I'll make my concrete suggestion below.
>> Is it a bug that the thread calling dlclose may be the only thread
>> running this particular function while the other thread is running
>> to exit?
>>
>> T1-> dlclose
>> T1-> library destructors call __cxa_finalize
>> T1-> picks function foo off the list, marks flavor ef_free
>> T1-> unlocks list, starts executing foo.
>> T2-> exit
>> T2-> starts executing all destructors, skips foo marked ef_free
>> T2-> proceeds to terminate the process
>>
>> Is T1's call to foo incomplete?
>
> Yes. But an application that calls exit in parallel with running
> threads always has the risk that any of its functions will
> "evaporate" mid-sentence.
Yes, and no.
Users expect exit() to run *all* of their registered exit functions.

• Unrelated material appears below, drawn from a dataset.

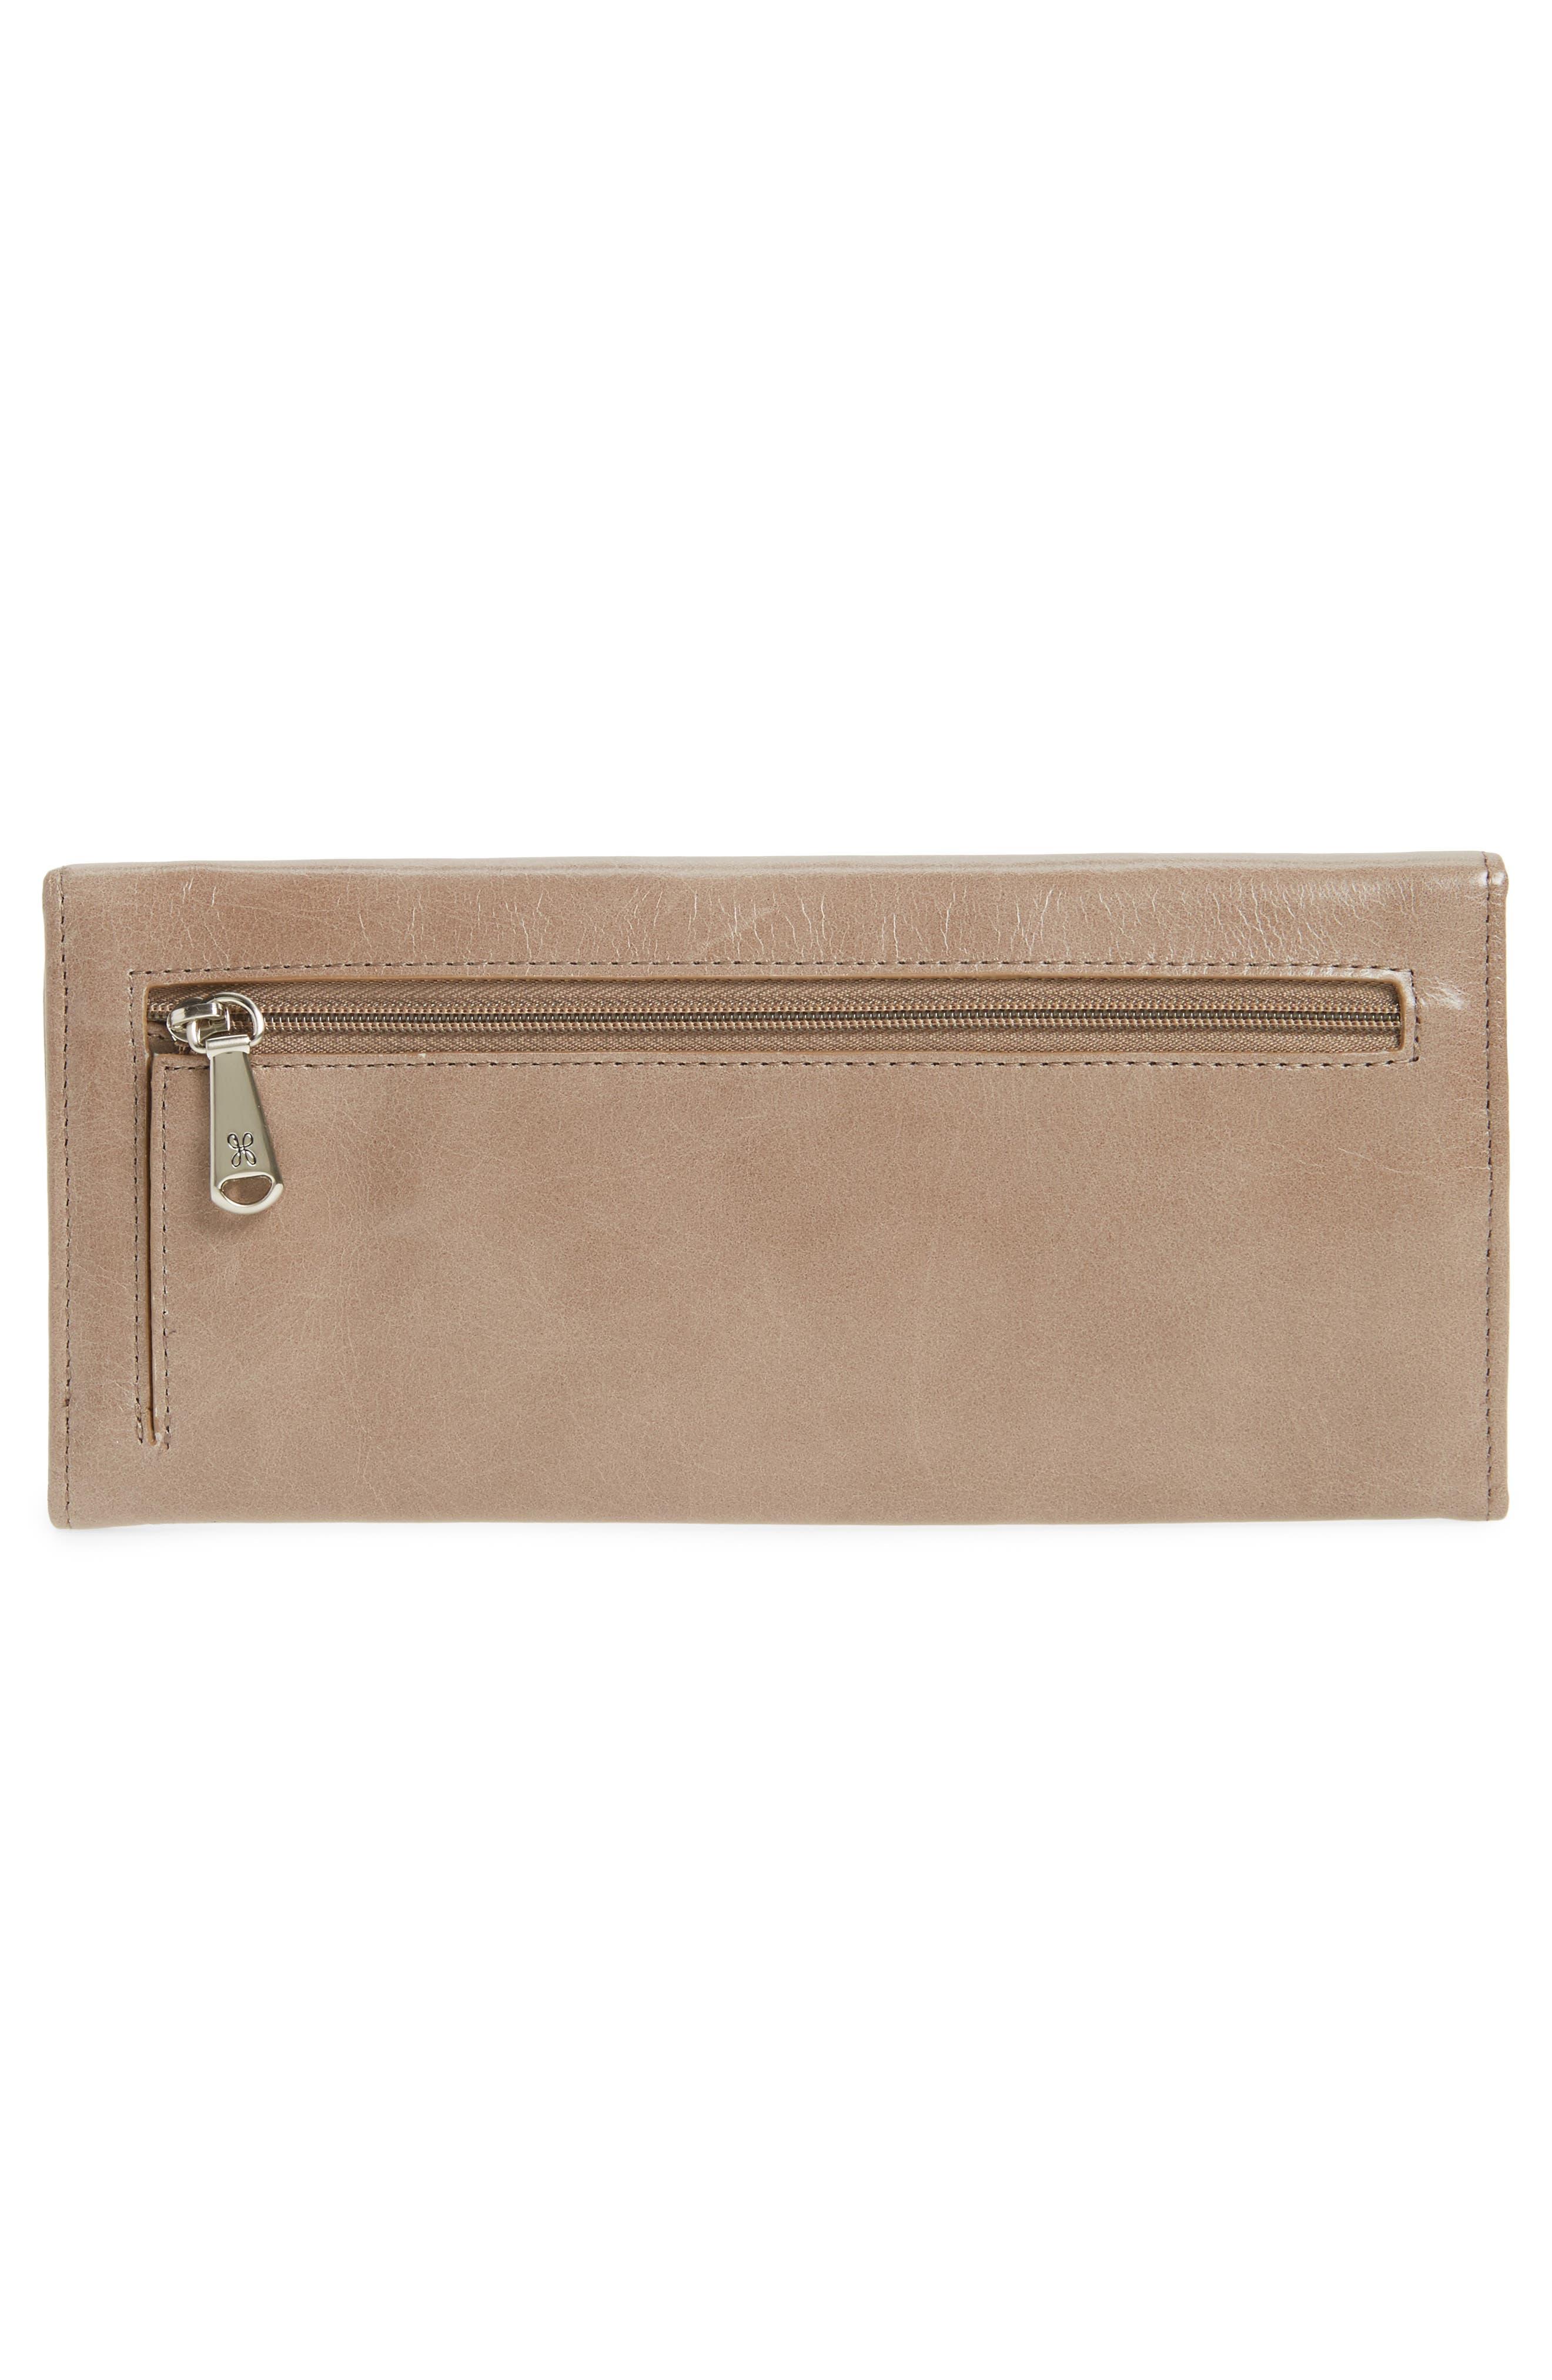 'Sadie' Leather Wallet,                             Alternate thumbnail 103, color,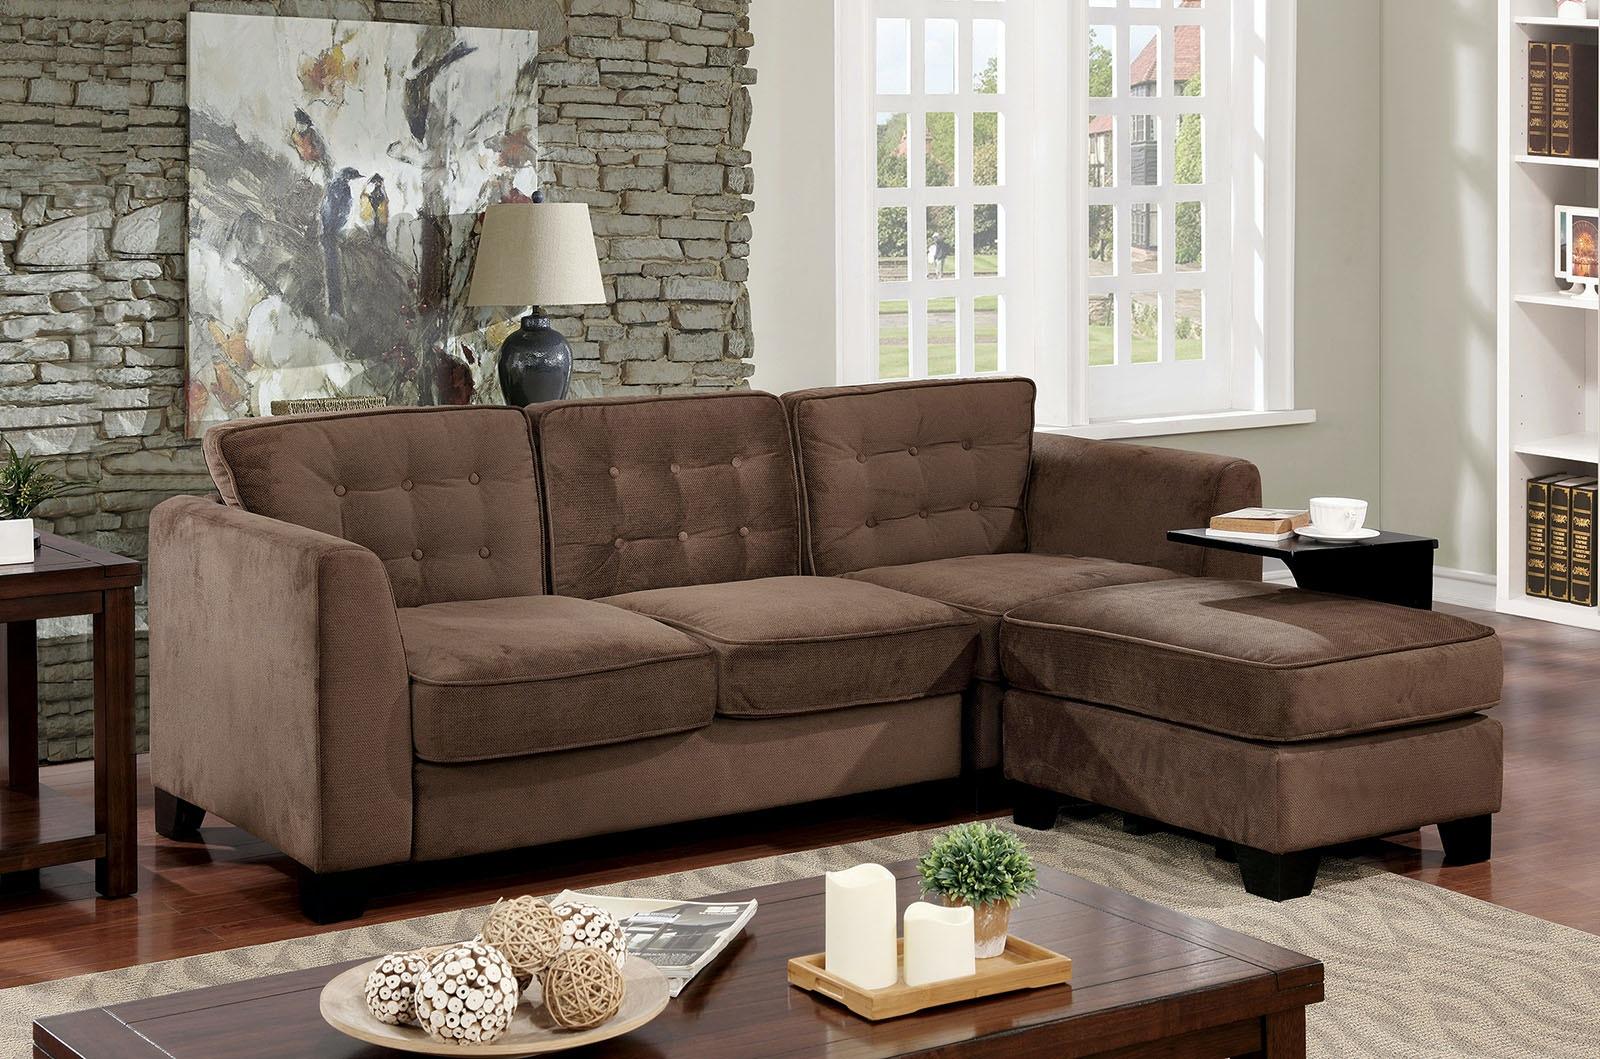 Furniture Of America Sofa + Ottoman + Side Table CM6862 SET

When dlclose() and exit() interleave, you have the potential for
one function which is currently being run by dlclose() to be unable
to finish, and that's not expected. In fact that function runs
partly in parallel with the next registered function, and that could
be seen as a violation of POSIX requirements that functions run in
LIFO order.
I just had to test this out, so I wrote the following program:
#include <stdio.h>
#include <stdlib.h>
#include <dlfcn.h>
#include <semaphore.h>
#include <pthread.h>
sem_t order;
void *
open_library (char * pathname)
{
void *dso;
char *err;
/* Open the DSO. */
dso = dlopen (pathname, RTLD_NOW|RTLD_GLOBAL);
if (dso == NULL)
{
err = dlerror ();
fprintf (stderr, "%s\n", err);
exit (1);
}
/* Clear any errors. */
dlerror ();
return dso;
}
int
close_library (void *dso)
{
int ret;
char *err;
/* Close the library and look for errors too. */
ret = dlclose (dso);
if (ret != 0)
{
err = dlerror ();
fprintf (stderr, "%s\n", err);
exit (1);
}
return ret;
}
void *
exit_thread (void *arg)
{
/* Wait for the dlclose to start... */
sem_wait (&order);
/* Then try to run the exit sequence which should call all
__cxa_atexit registered functions and in parallel with
the executing dlclose(). */
exit (0);
}
int
main (void)
{
void *dso;
pthread_t thread;
dso = open_library ("./libhas-dtors.so");
pthread_create (&thread, NULL, exit_thread, NULL);
close_library (dso);
pthread_join (thread, NULL);
return 1;
}
#include <stdio.h>
#include <stdlib.h>
#include <semaphore.h>
#include <unistd.h>
/* Semaphore defined in executable to ensure we have
a happens-before between the first function starting
and exit being called. */
extern sem_t order;
/* glibc function for registering DSO-specific exit functions. */
extern int __cxa_atexit (void (*func) (void *), void *arg, void *dso_handle);
/* Hidden compiler handle to this shared object. */
extern void *__dso_handle __attribute__ ((__weak__));
static void
first (void *start)
{
sem_post (&order);
sleep (10);
printf ("first\n");
}
static void
second (void *start)
{
printf ("second\n");
}
__attribute__ ((constructor)) static void
constructor (void)
{
sem_init (&order, 0, 0);
__cxa_atexit (second, NULL, __dso_handle);
__cxa_atexit (first, NULL, __dso_handle);
}
gcc -O0 -g3 -shared -fPIC -o libhas-dtors.so has-dtors.c -lpthread
gcc -O0 -g3 -export-dynamic -o tst-dlclose-exit tst-dlclose-exit.c -lpthread -ldl
$ ./tst-dlclose-exit
second
first
second
Which is just wrong, so it shows the existing implementation is broken.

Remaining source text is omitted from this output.